Moving to GitHub
This blog has been hosted on scriptogram for the past year or so. Unfortunately, while I like the publish-via-Dropbox mechanism, there have been enough problems recently that I’ve finally switched over to using GitHub Pages for hosting. I’ve been thinking about doing this for a while, but the things that finally pushed me to make the change were:
- Sync problems that would prevent new posts from appearing (and that at least once caused posts to disappear).
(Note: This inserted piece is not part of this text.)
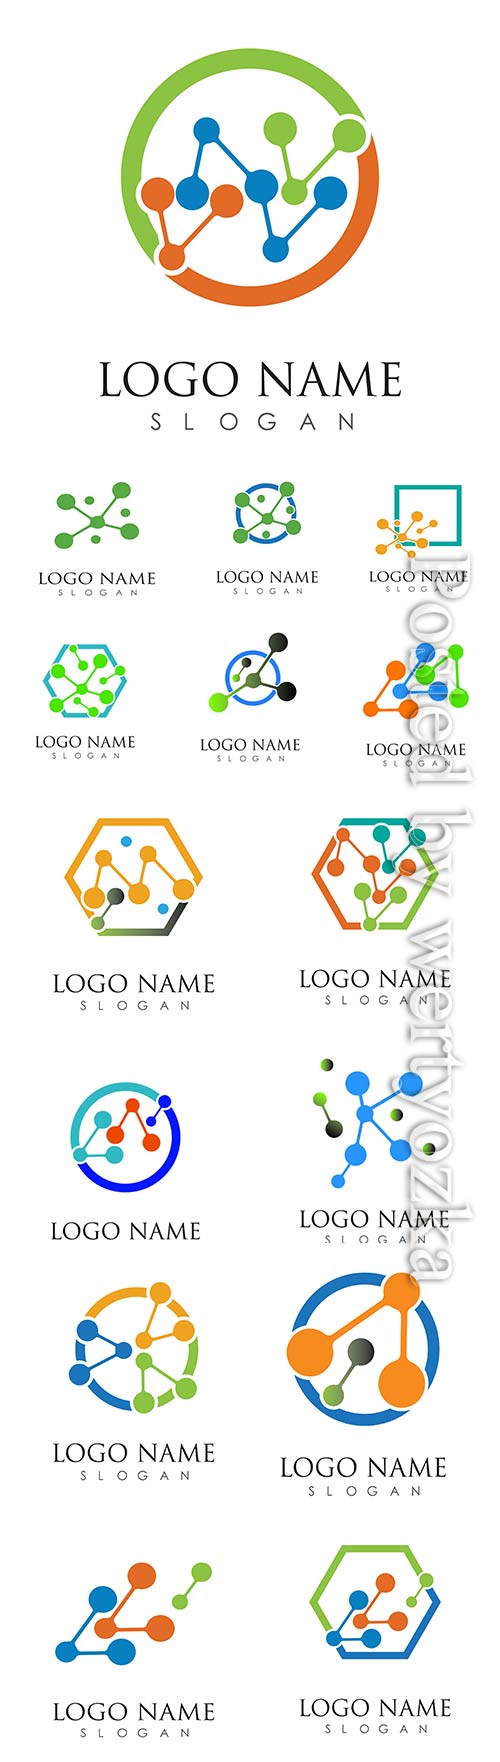 Molecule logo vector icon illustration design template

- Lack of any response to bug reports by the site maintainers.
A benefit of the publish-via-Dropbox mechanism is, of course, that I already had all the data and didn’t need to go through any sort of export process.
Fixing metadata⌗
Like scriptogram, GitHub Pages is also a Markdown-based solution. GitHub uses Jekyll to render Markdown to HTML, which requires some metadata at the beginning of each post. On scriptogram the file headers looked like this:
Title: A random collection of OpenStack Tools
Date: 2013-11-12
Tags: openstack
Whereas the corresponding header for GitHub would look like this:
---
layout: post
title: A random collection of OpenStack Tools
date: 2013-11-12
tags:
- openstack
---
I was able to generally automate this with the following script:
#!/bin/sh
for post in "$@"; do
sed -i '
1,/^$/ {
1 i\---
1 i\layout: post
s/Title:/title:/
s/Date:/date:/
s/Tags:/tags:/
/^$/ i\---
}
' $post
done
The tags:
header need further processing to transform them into a
YAML list. That means something like:
tags: foo,bar,baz
Would need to end up looking like:
tags:
- foo
- bar
- baz
While that’s not entirely accurate – YAML supports multiple list
syntaxes and I could have just expressed that as [foo,bar,baz]
– I
prefer this extended syntax and got there via the following awk
script:
BEGIN {state=0}
state == 1 && /^tags:/ {
tags=$2
next
}
state == 1 && /^---$/ {
if (tags) {
split(tags, taglist, ",")
print "tags:"
for (t in taglist)
print " -", taglist[t]
}
state=2
}
state == 0 && /^---$/ { state=1 }
{print}
(This would process a single post; I wrapped it in a shell script to run it across all the posts.)
Redirecting legacy links⌗
In order to preserve links pointing at the old blog I needed to generate
a bunch of HTML redirect files. Scriptogram posts had permalinks
of the form /post/<slug>
, where <slug>
was computed from the post
aliases: ["/2013/11/13/moving-to-github/"]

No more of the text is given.